Ontvangt u dividenden van aandelen, dan zijn de eerste 640 euro daarvan vrijgesteld. De uitkerende vennootschap zal wel roerende voorheffing inhouden. U moet dus zelf de vrijstelling vragen in de aangifte (code 1437 en 2437).

Meldplicht taks op de effectenrekening

Was u in 2018 titularis van meer dan één effectenrekening, dan moet u dat melden in code 1072/2072 van de aangifte.

Drie manieren om onbelast bij te verdienen

Sinds vorig jaar kunt u op drie manieren (in totaal tot 6.130 euro) onbelast bijverdienen:

In de deeleconomie (via een erkend platform).

In het verenigingswerk.

Met burgerdiensten.

Voor verenigingswerk en burgerdiensten registreert u zich eerst op bijklussen.be. Voor deze twee activiteiten is er ook een maandgrens van 510,83 euro (in 2019: 520,83).

Blijft u onder deze drempels, dan zijn de inkomsten vrijgesteld en hoeft u ze niet aan te geven. Overschrijdt u de maandgrens voor het verenigingswerk of de burgerdiensten, of overschrijdt u de jaargrens (voor de drie activiteiten samen), dan worden de inkomsten gewone belastbare beroepsinkomsten, tenzij u kunt bewijzen dat het gaat om diverse inkomsten (code 1460 en 2460). Ook die zijn belastbaar, maar aan een lager tarief (33 %).

Beroepskostenforfait voor zelfstandigen met winst

Zelfstandigen met winst kunnen vanaf nu ook kiezen voor een beroepskostenforfait in plaats van het bewijzen van hun werkelijke kosten. Het forfait bedraagt 30 % van hun inkomsten met een maximum van 4.720 euro.

Stopzettingsmeerwaarde

Stopzettingsmeerwaarden op materiële vaste activa zijn vanaf 2018 nog slechts belastbaar tegen 10 % wanneer de meerwaarde gerealiseerd is bij de definitieve stopzetting van de zelfstandige activiteit vanaf de leeftijd van 60 jaar of overlijden, ofwel bij gedwongen definitieve stopzetting n.a.v. een schadegeval, handicap, onteigening, enz. In andere omstandigheden blijft de stopzettingsmeerwaarde belast tegen 16,5 %.

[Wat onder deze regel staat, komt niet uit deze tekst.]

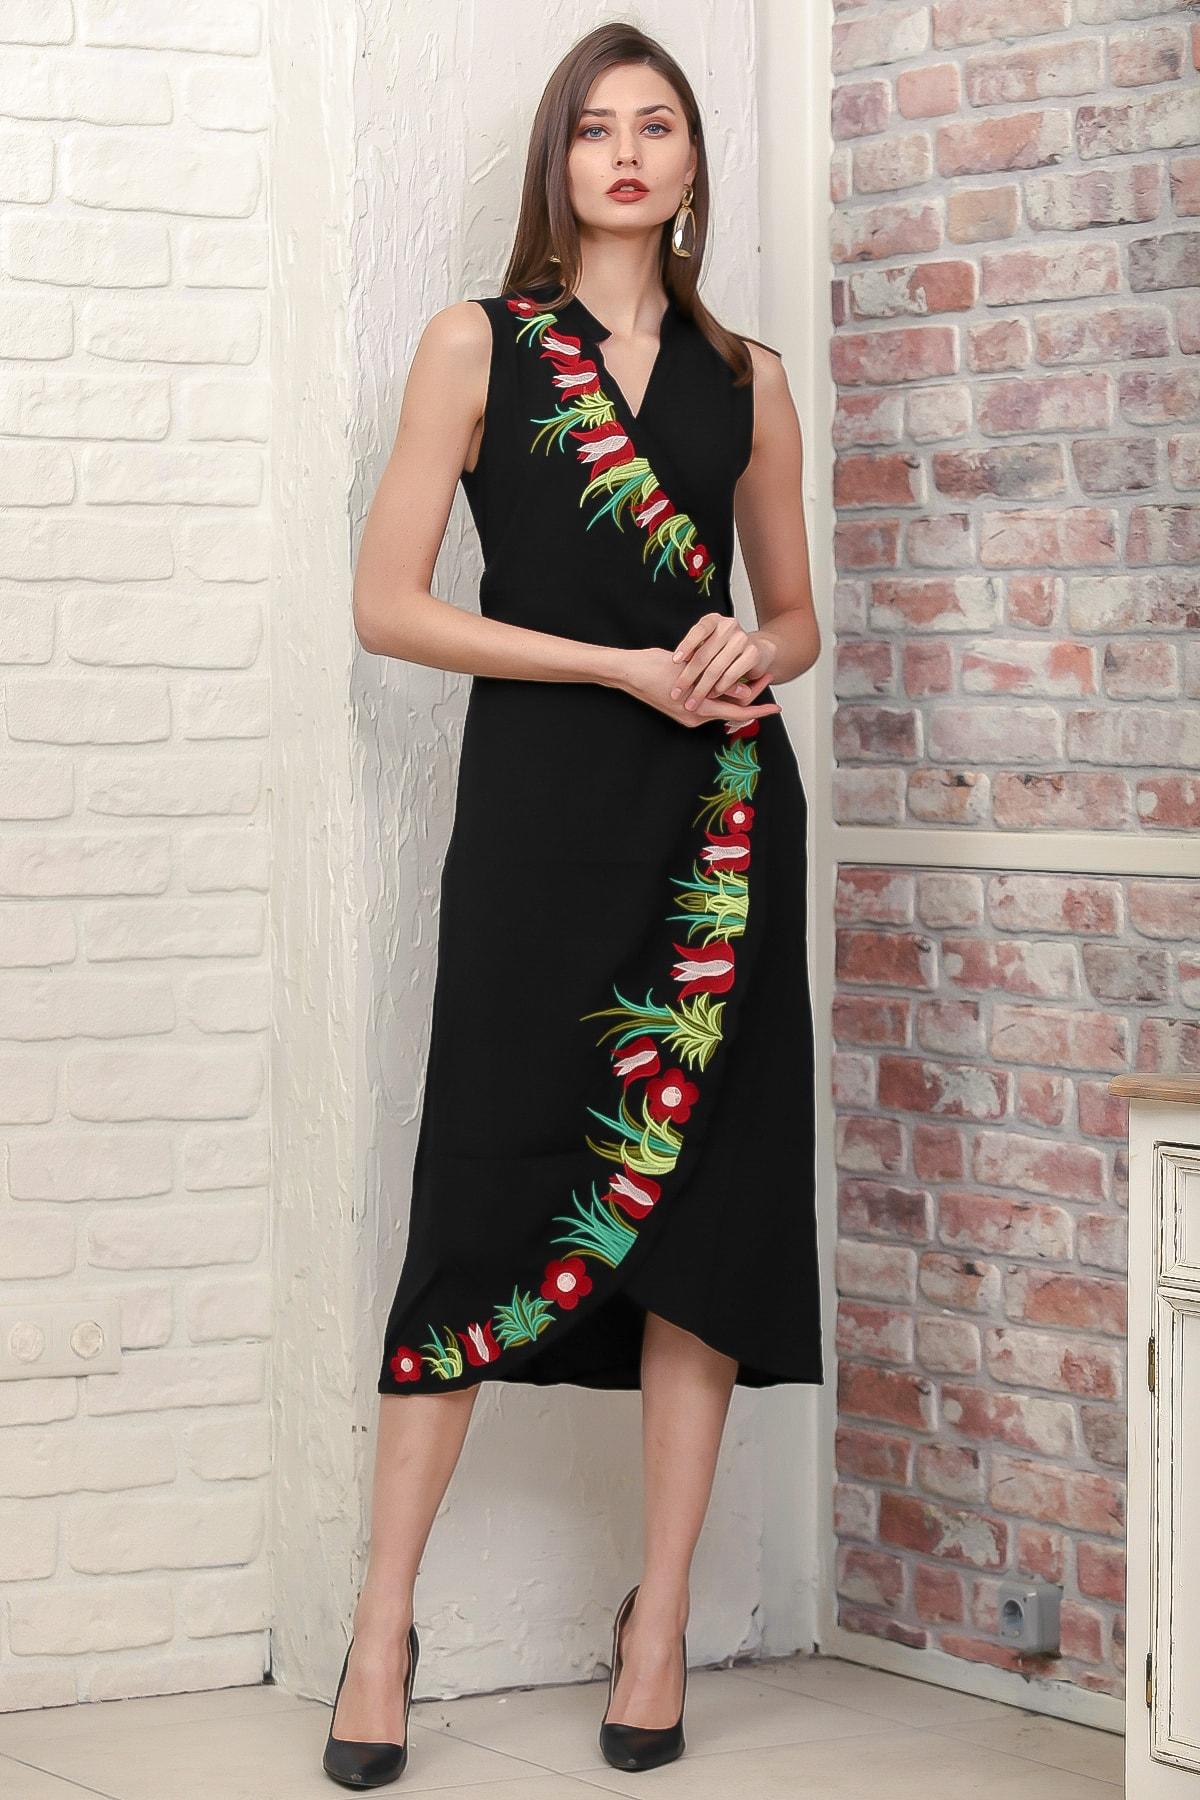 Chiccy Kadın Siyah Kruvaze Lale Nakışlı Ayaklı Yakalı Anvelop Kuşaklı Dokuma Elbise M10160000EL95887 0
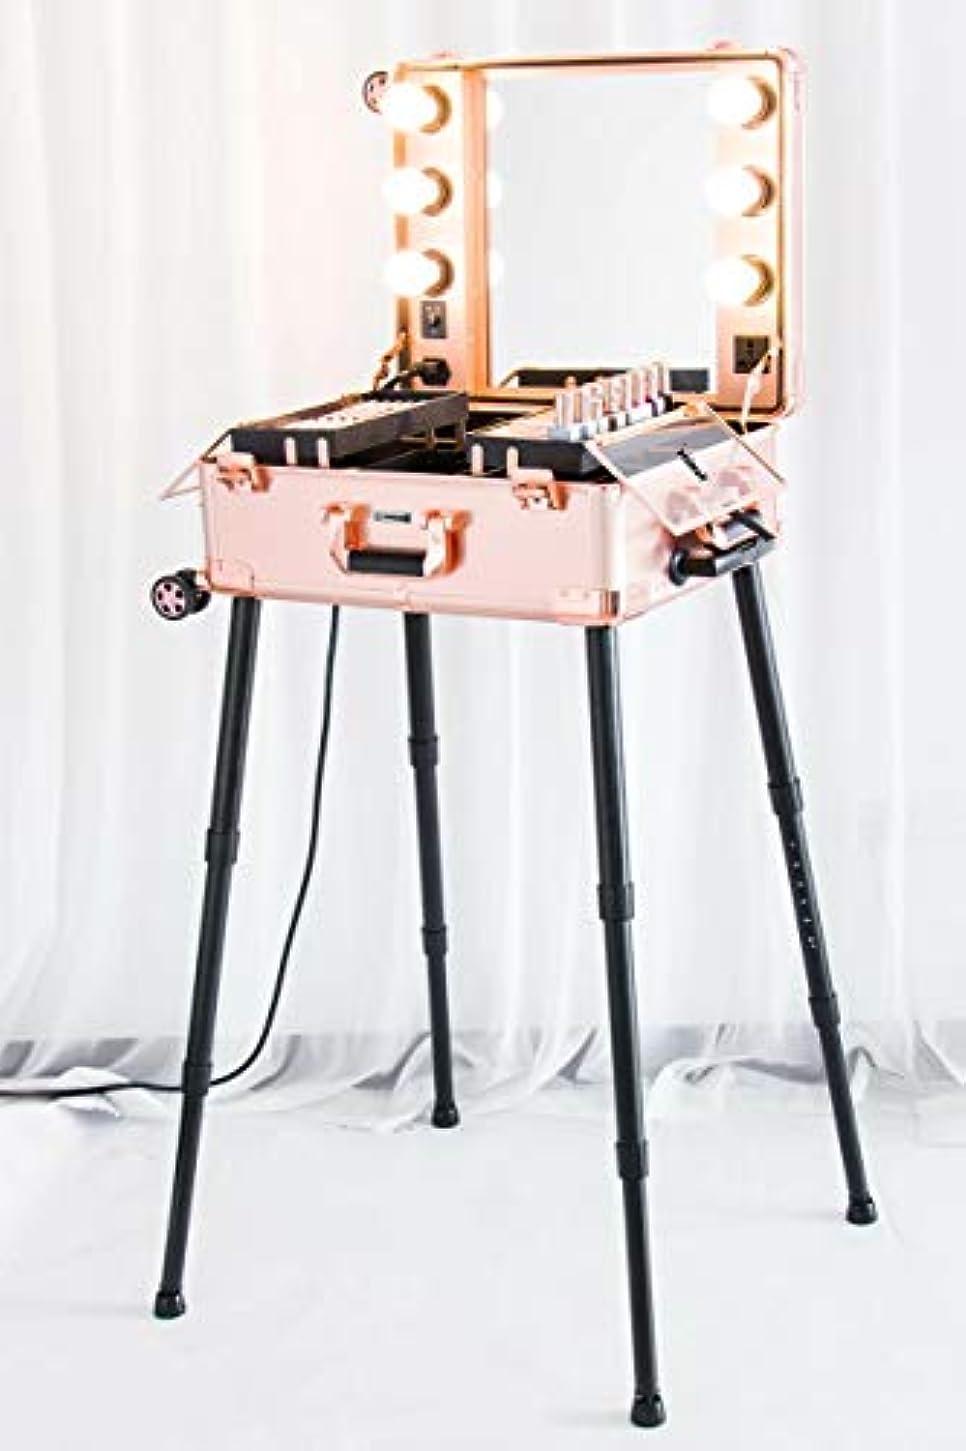 無関心一目休眠Kemier 頑丈な化粧ケースプロ アーティスト スタジオ化粧列車4つ ローリングホイール&ライト付きテーブル&ミラープロ メイクアップステーションカバーボードと簡単にきれいな拡張トレイ調整可能な足 腰椎クッション-2412...

Stopzettingsmeerwaarden op immateriële vaste activa zijn eveneens tegen 10 % belastbaar op voorwaarde dat de meerwaarde gerealiseerd was ofwel bij de definitieve stopzetting van de zelfstandige activiteit vanaf de leeftijd van 60 jaar of overlijden, ofwel bij gedwongen definitieve stopzetting en op voorwaarde dat de meerwaarde niet meer bedraagt dan de nettowinst of -baten van de vier jaren die aan de stopzetting voorafgaan. De stopzettingsmeerwaarden die onder dit gunstig tarief vallen, geeft u aan  in de nieuwe codes  1686 en 2686.